FP3 (Not MEI) - Friday June 1 2012, AM

For the June 11 paper, question 5 part ii: why must k = -1?

EDIT: Nevermind, I was being an idiot

For this question part (ii)



How is that first step justified; surely they're assuming the result there?

For 3. ii) ?
They have removed the left x and the right y, to end up with $yxyxyxy...$ in the middle, or $(yx)^{n-1}$.

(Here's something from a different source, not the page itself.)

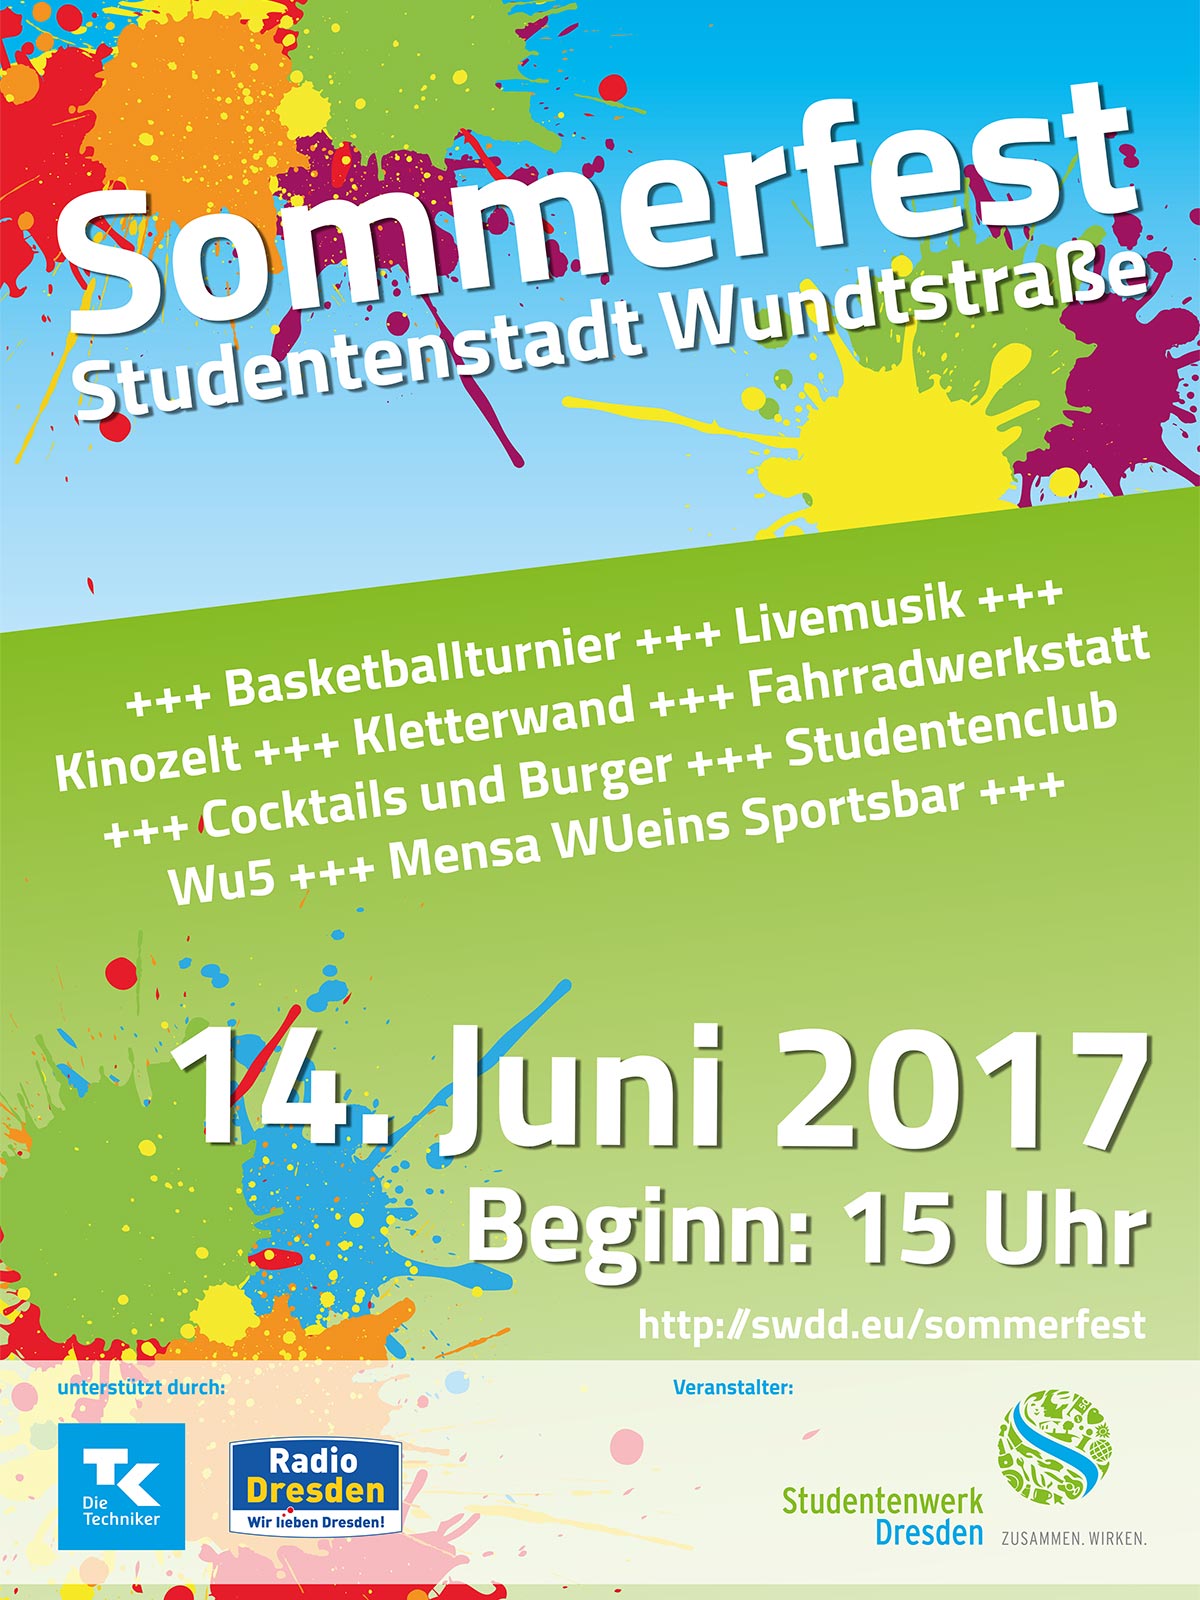 Plakat zu Sommerfest Wundtstraße am 14. Juni.

Ohhhhh, I get it! Thank you!

Don't think i could think of that in an exam tbh

EDIT: Unfortunately, I've repped you too recently

12a)

$\frac{\begin{pmatrix} 30 \\ -3 \\ - 5 \end{pmatrix} \times \begin{pmatrix} 4 \\ -5 \\ - 3 \end{pmatrix}}{|\begin{pmatrix} 4 \\ -5 \\ - 3 \end{pmatrix}|}$

Length = 22

12b)

Length of AB = 22
Length of OA = $\sqrt{934}$
length of OB = $\sqrt{934 - 22^2}$

Length of OB is a multiple of the direction vector
$\sqrt{450} = t\sqrt{50}[br]t=3[br]B = \begin{pmatrix} 12 \\ -15 \\ - 9 \end{pmatrix}$

That's alright.
Did you see my response to the question you asked about the roots on the tan equation?

...who on earth is confident going out of an exam?

Jan 12 Q6iii. I've got the answer but I'm not quite sure why it makes sense. Could someone explain this to me?

You know a plane can be expressed parametrically with two direction vectors that lie on it.
(These vectors cannot be parallel - cannot be the same.)

In part i) you were asked to indirectly find the normal to the plane.
Now recall that the vector product of two direction vectors will give a direction vector that is perpendicular to both of them.

So the vector product of the normal to the plane and the direction vector after lambda should give c.

For a vector equation of a plane the two direction vectors in the plane may or may not be perpendicular, but the normal is obviously perpendicular to both of them in all forms of the vector equation, since these vectors lie in the plane.

I think there was another method to find c in the MS but I can't remember - I used the one above when doing the paper since it seemed quicker.